- DVD cover
- Directed by: Aleksandr Atanesyan
- Written by: Aleksandr Atanesyan (co-writer) Vladimir Kunin
- Starring: Andrey Panin Andrey Krasko Sergei Rychenkov
- Cinematography: Dmitry Yashonkov
- Edited by: Tchavdar Georgiev William S. Scharf
- Music by: Arkady Ukupnik
- Release date: 2 February 2006;
- Running time: 94 minutes
- Country: Russia
- Languages: Russian, German
- Budget: $2.5 million

= Bastards (2006 film) =

2006 Russian coming-of-age war film

Bastards (Сволочи) is a 2006 Russian coming-of-age war film.

== Synopsis ==
In 1943, in the Soviet Union, a group of teenage convicts are secretly trained for a guerrilla mission to stop the actions of a German army group called "Edelweiss".

==Plot summary==
The story is set in the Soviet Union during the Second World War in the year 1943. Colonel Vishnevetskiy is released from prison to organize a school of military training for saboteurs.
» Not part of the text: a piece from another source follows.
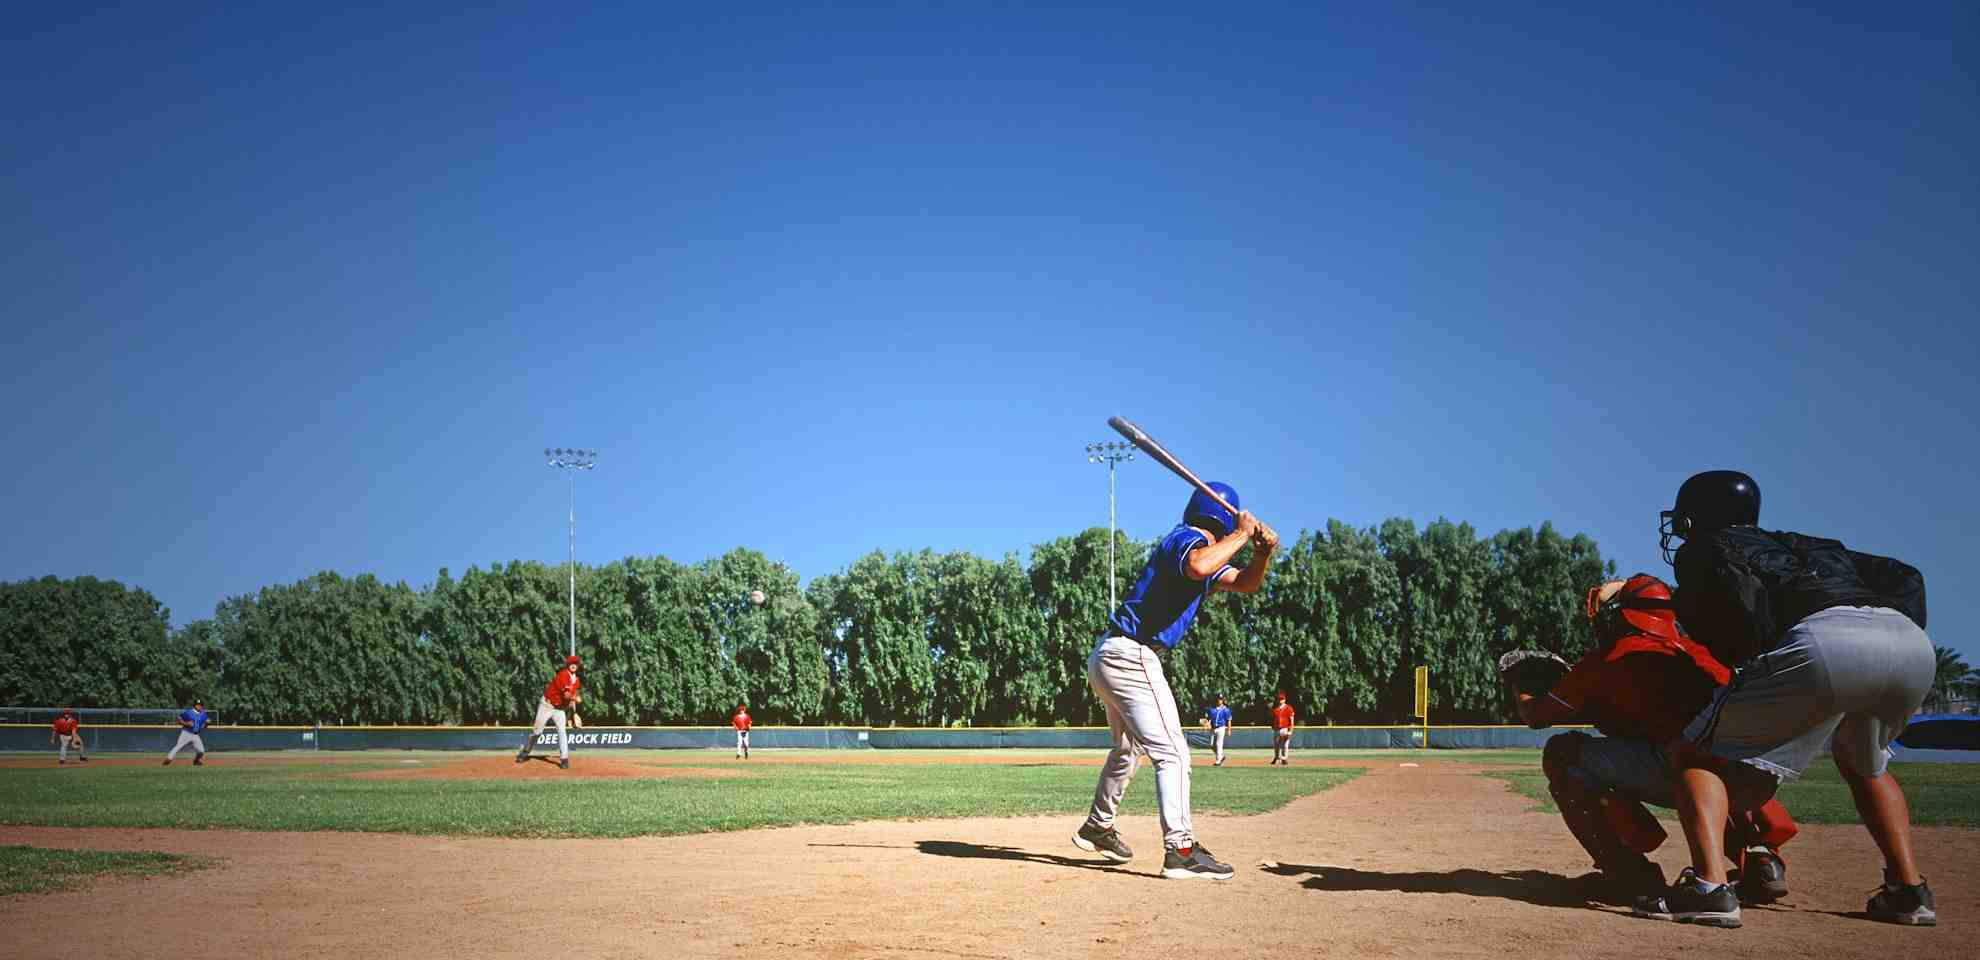 Baseball Equipment Power Hitter since 1919 | PW Athletic Mfg. Co.

Students, 14–15 years old criminals, come from prisons and correction colonies. After harsh training, they are sent to destroy a German oil depot deep in the Carpathian mountains.

==Controversy==
The film's release caused massive controversy in Russia, where some deemed it "state-supported anti-Soviet propaganda". The plot for the film, written by Kunin, involved a story of teenagers with a criminal background who were caught by the NKVD during the Great Patriotic War, then trained as saboteurs in special schools and thrown into the German countryside to face a certain death.

After the film was shown in Russia, the Federal Security Service responded with a press release, stating that archives of security services of Russia and Kazakhstan do not have any documents confirming the existence of "kid saboteur schools", and that there are no archive documents about missions to send saboteur groups consisting of teenagers into the adversary's rear. They stated that archive documents evidence that the use of kids in saboteur purposes by special services of Nazi Germany.

While the advertising campaign of the film claimed it was based on real accounts, after the controversy arose, both the writer and the director confessed the plot was mere fiction.

While the film won the MTV Movie Awards, Russia for 2007, the famous director Vladimir Menshov refused to hand over the award:

Mr. Menshov gasped as he read the contents of the envelope, looked up and said: "I'm not going to hand over an award to a film that discredits my country, let Pamela Anderson (another of the evening's presenters) do it instead".

He then turned, dropped the envelope and stalked offstage, refusing to comment further. MTV Russia broadcast the ceremony live.

Dmitry Puchkov commented on the film making:

The sum of USD 700,000 was immediately released by the state to shoot this ideological carrion. The Minister of Culture Shvydkoy claimed that "the artist has a right to fiction". Certainly, that's excellent. It's only unclear, why on earth the artist has the right to shit on heads of his compatriots for the money of those citizens, that were paid as taxes and spent to shoot the film Svolochi.

Puchkov also sarcastically commented on the information that Russian school students were obligated to watch this film: "Have our children to know the history of the country? Well, now they know it: if anything happens, they would be caught and sent to face certain death."